» What you need to do: Transcribe the listing verbatim. Do not carry over any pictures.

» Records provided:
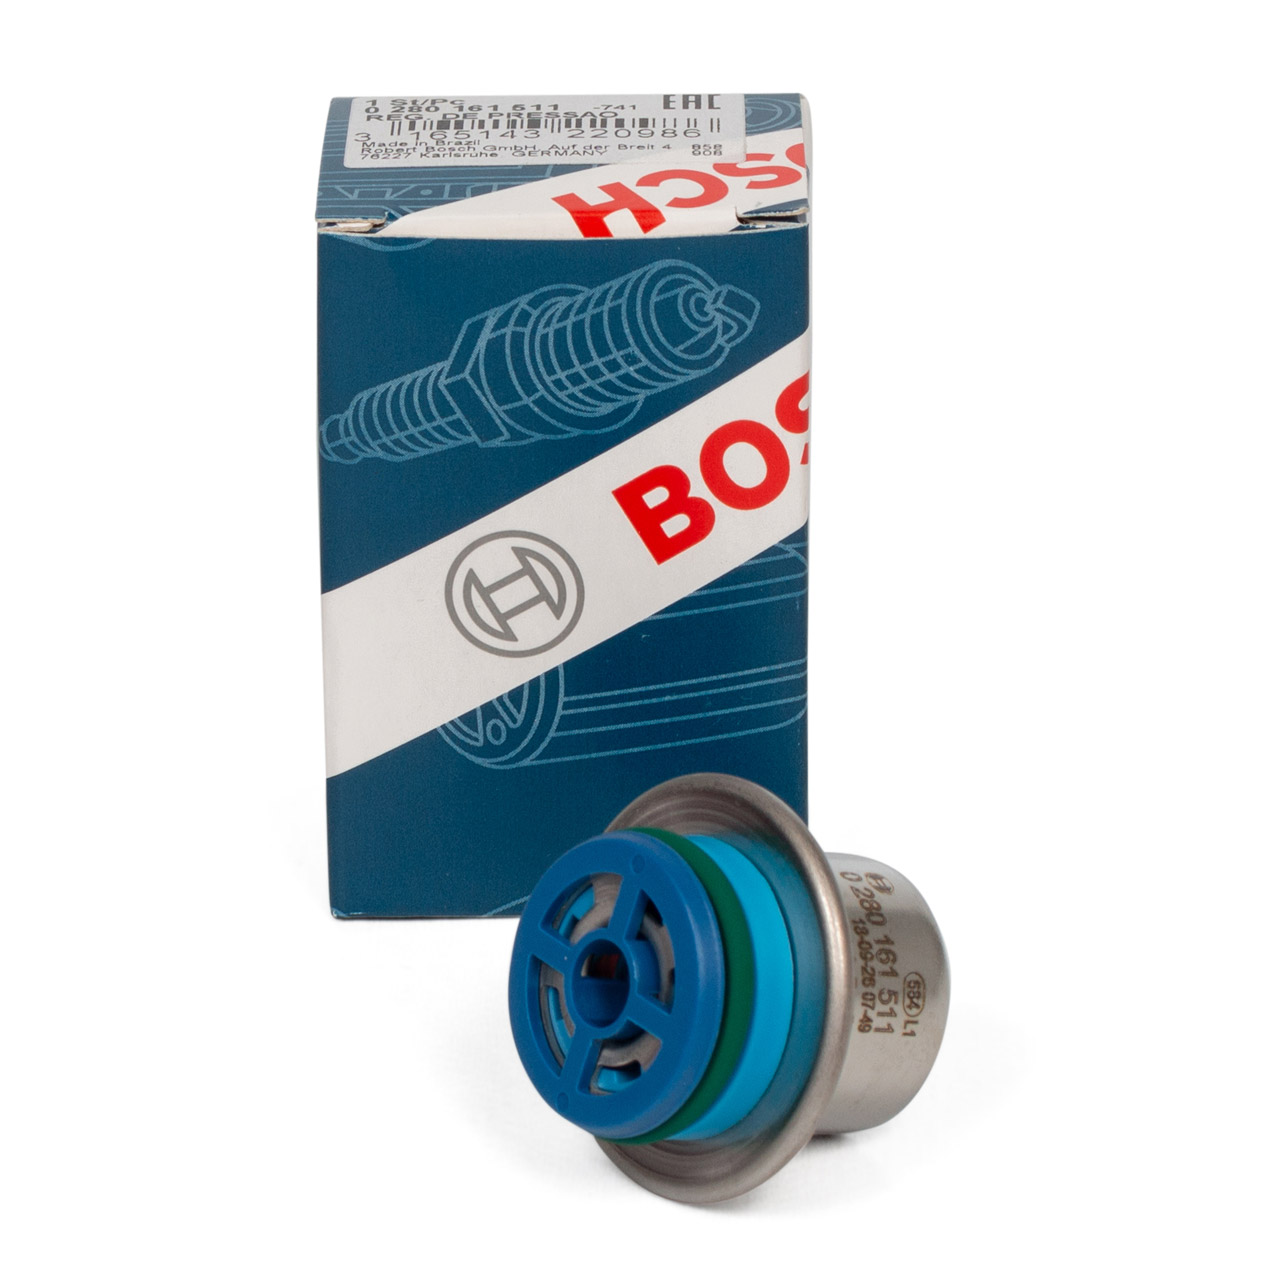 BOSCH 0280161511 Kraftstoffdruckregler MERCEDES W203 S203 CL203 W210 R171 M111 M271
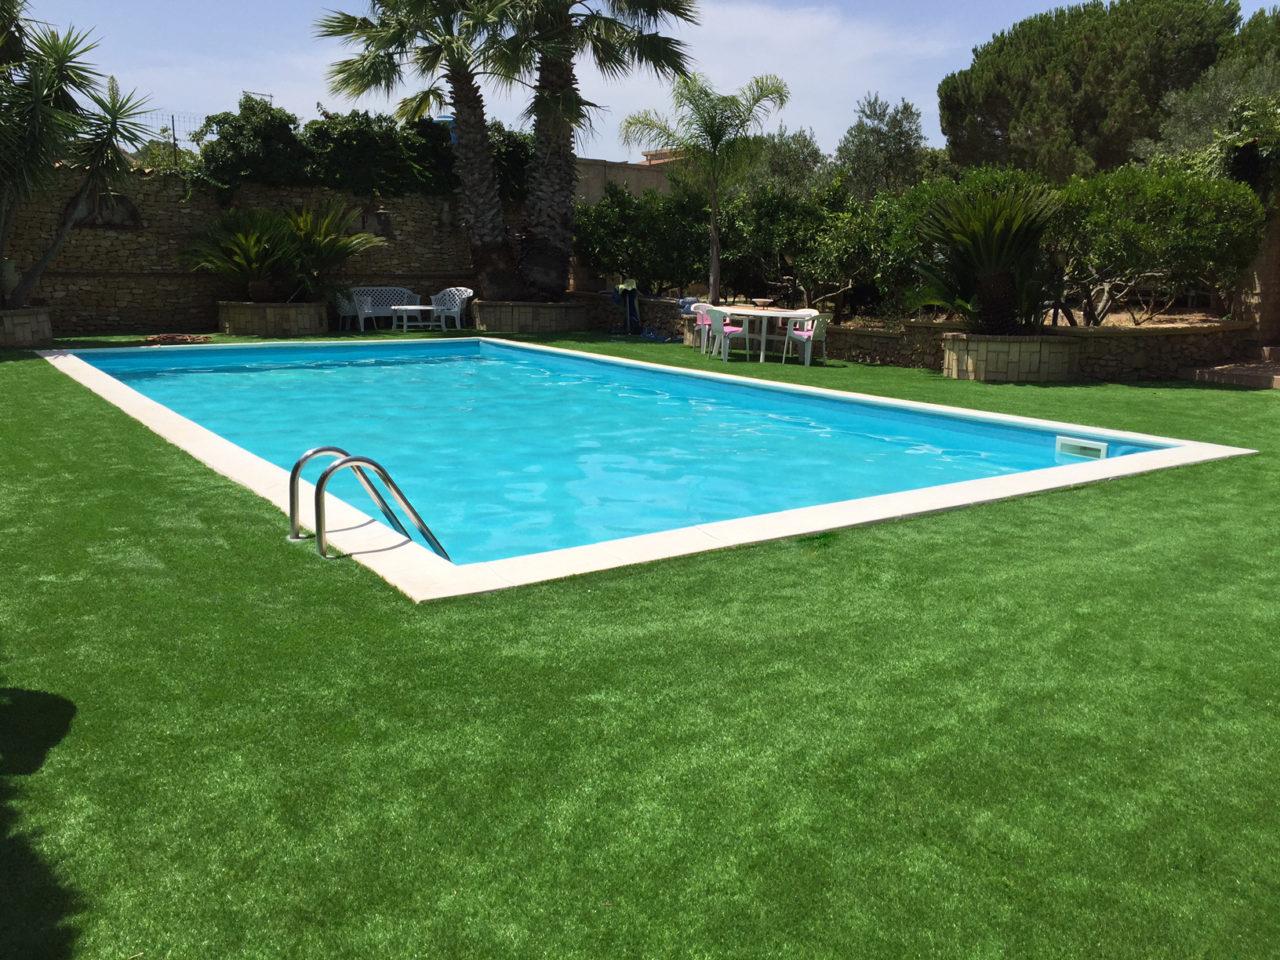 Erba sintetica per piscina e giardini for Piscine usate
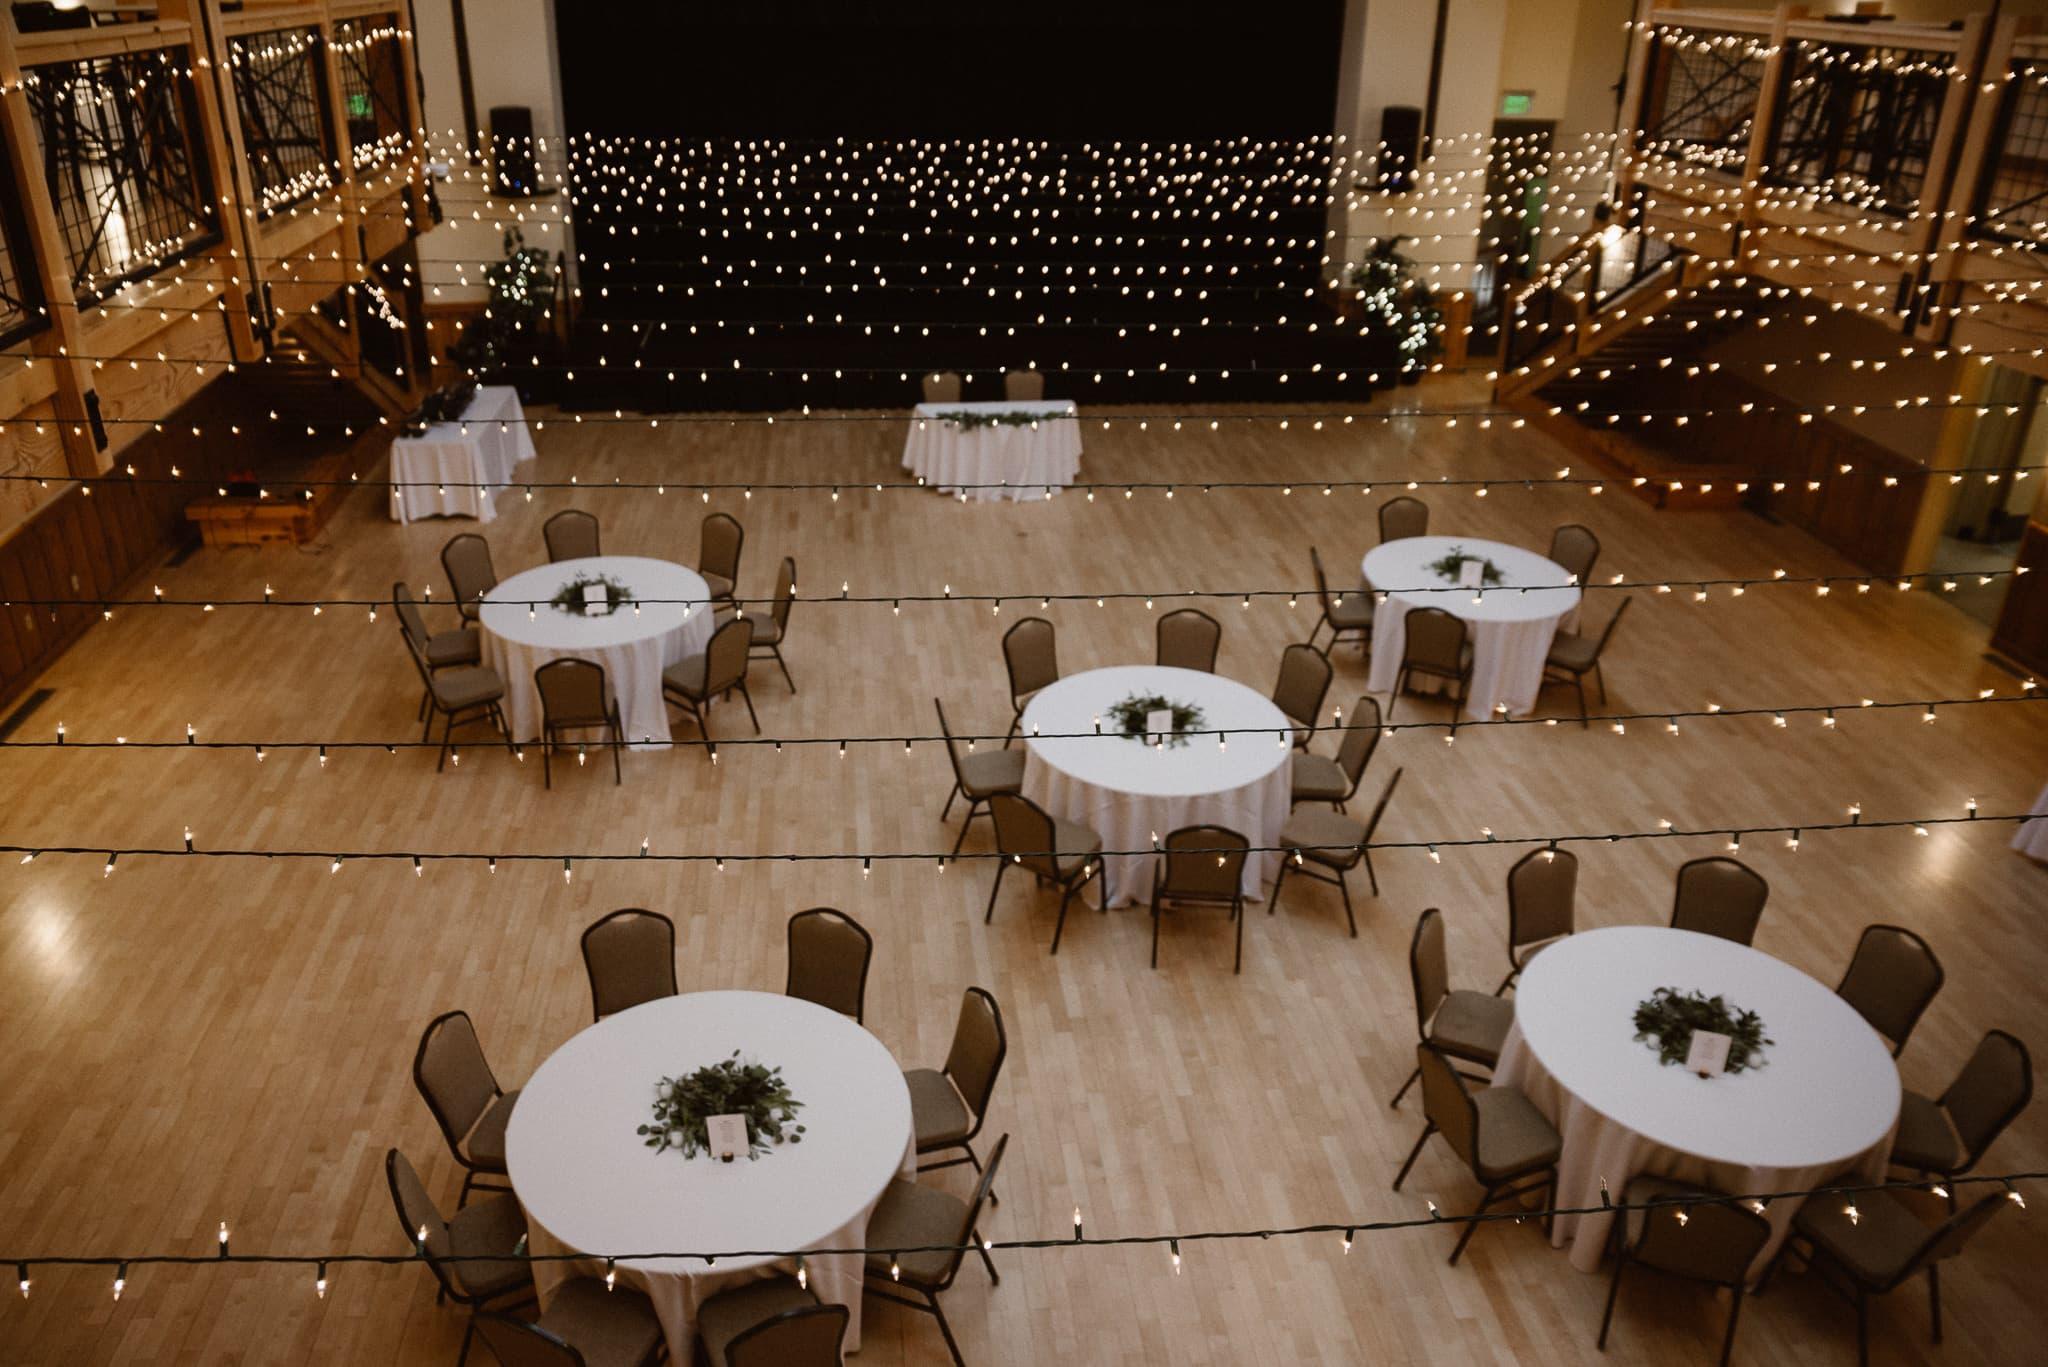 Silverthorne Pavilion wedding venue, Colorado wedding photographer, outdoor wedding ceremony, Colorado mountain wedding venues,
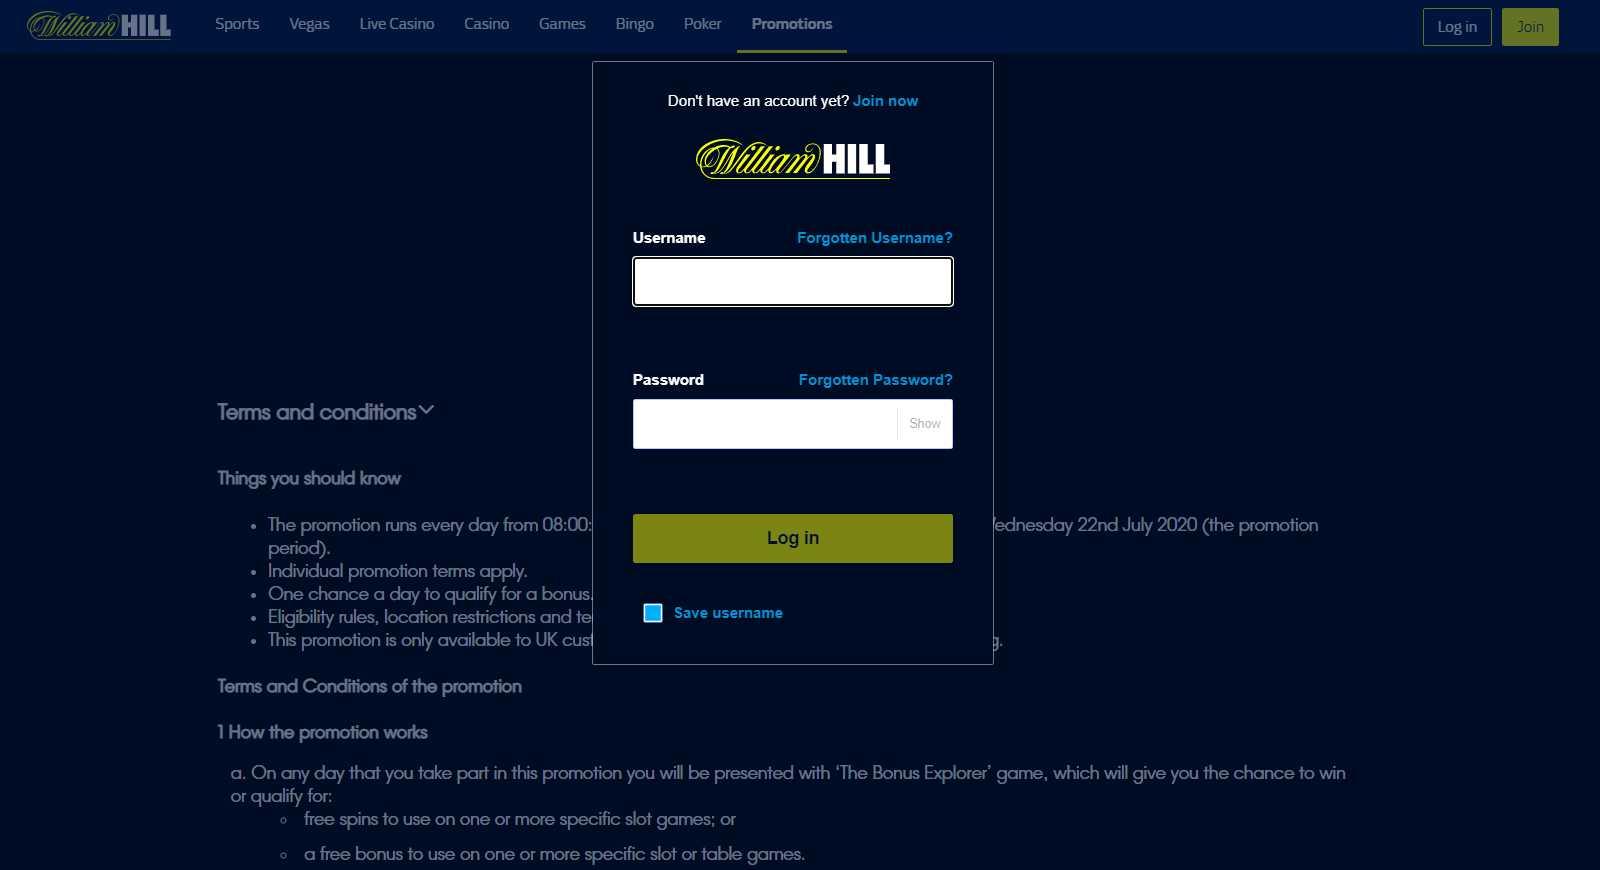 ¿Cómo registrarse en William Hill?
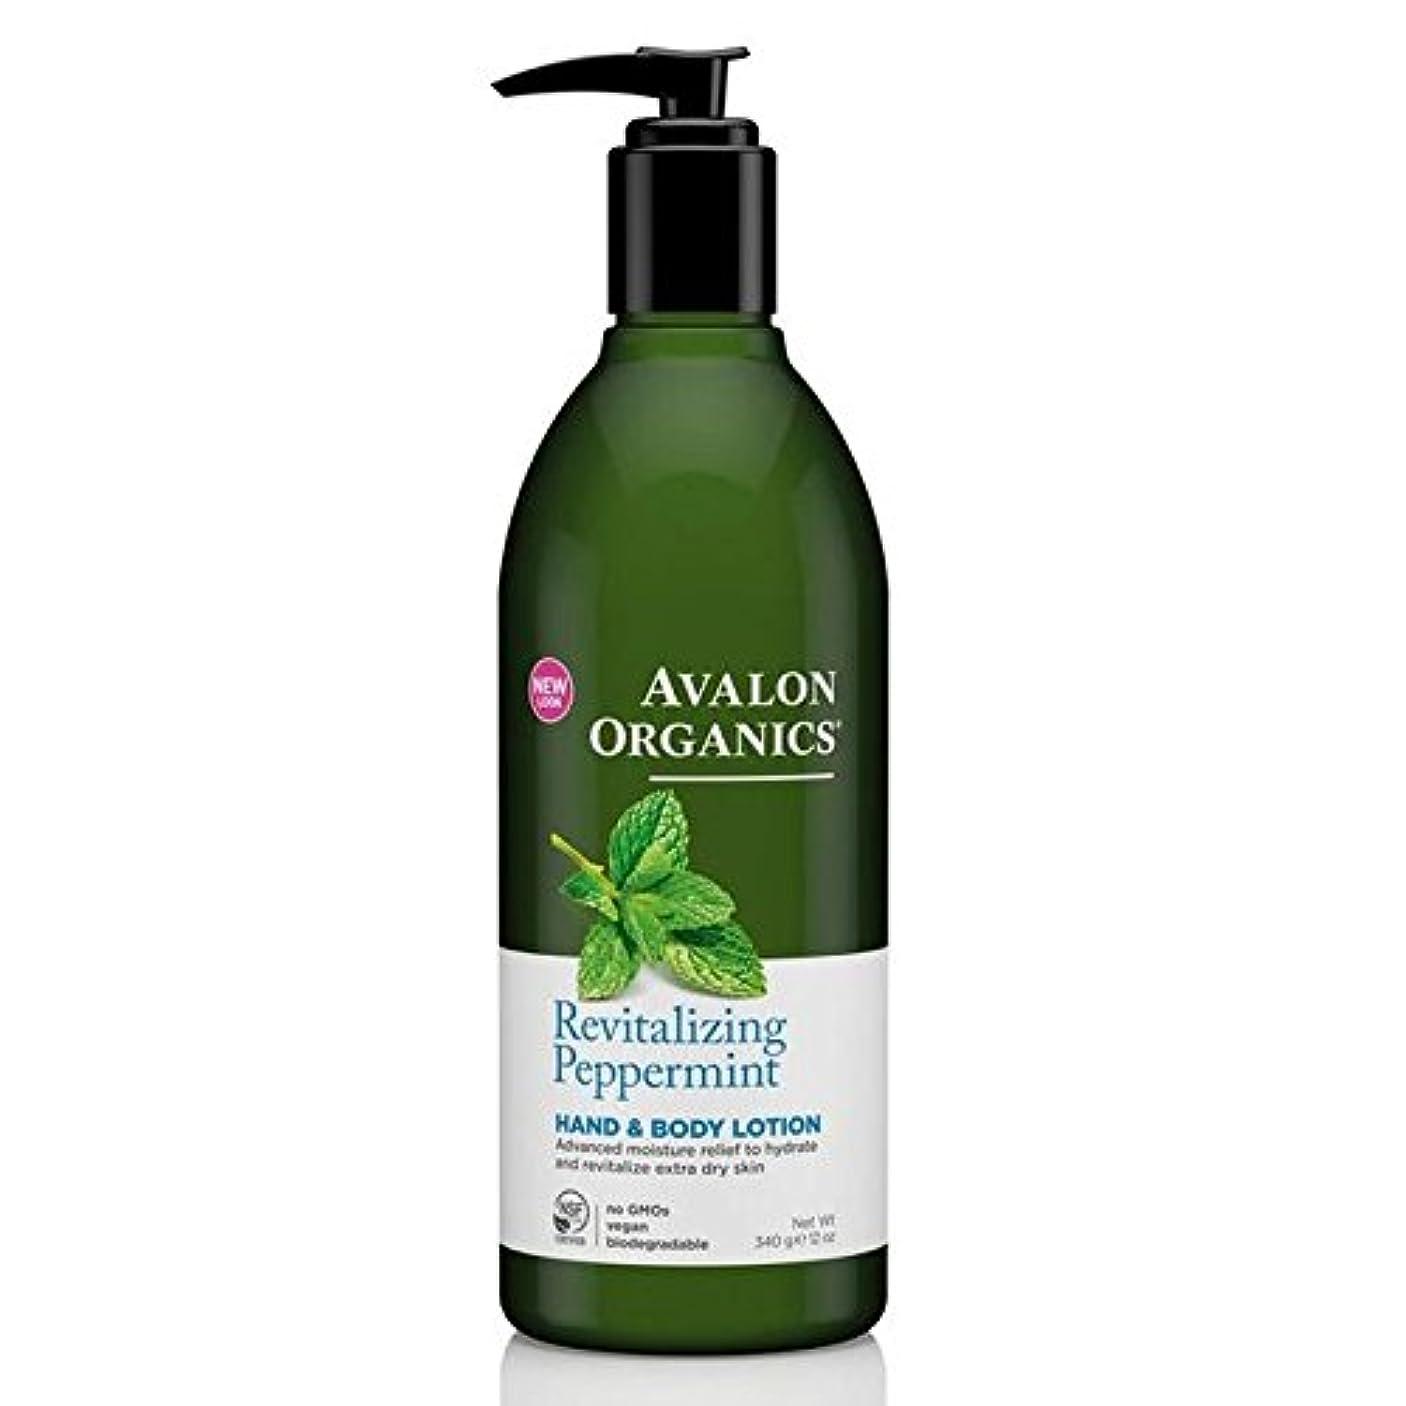 拮抗する敬礼衣服Avalon Peppermint Hand & Body Lotion 340g (Pack of 4) - (Avalon) ペパーミントハンド&ボディローション340グラム (x4) [並行輸入品]

» Response area:
 BOSCH 0280161511 Kraftstoffdruckregler MERCEDES W203 S203 CL203 W210 R171 M111 M271
 Erba sintetica per piscina e giardini for Piscine usate
 Silverthorne Pavilion wedding venue, Colorado wedding photographer, outdoor wedding ceremony, Colorado mountain wedding venues,
 ¿Cómo registrarse en William Hill?
 拮抗する敬礼衣服Avalon Peppermint Hand & Body Lotion 340g (Pack of 4) - (Avalon) ペパーミントハンド&ボディローション340グラム (x4) [並行輸入品]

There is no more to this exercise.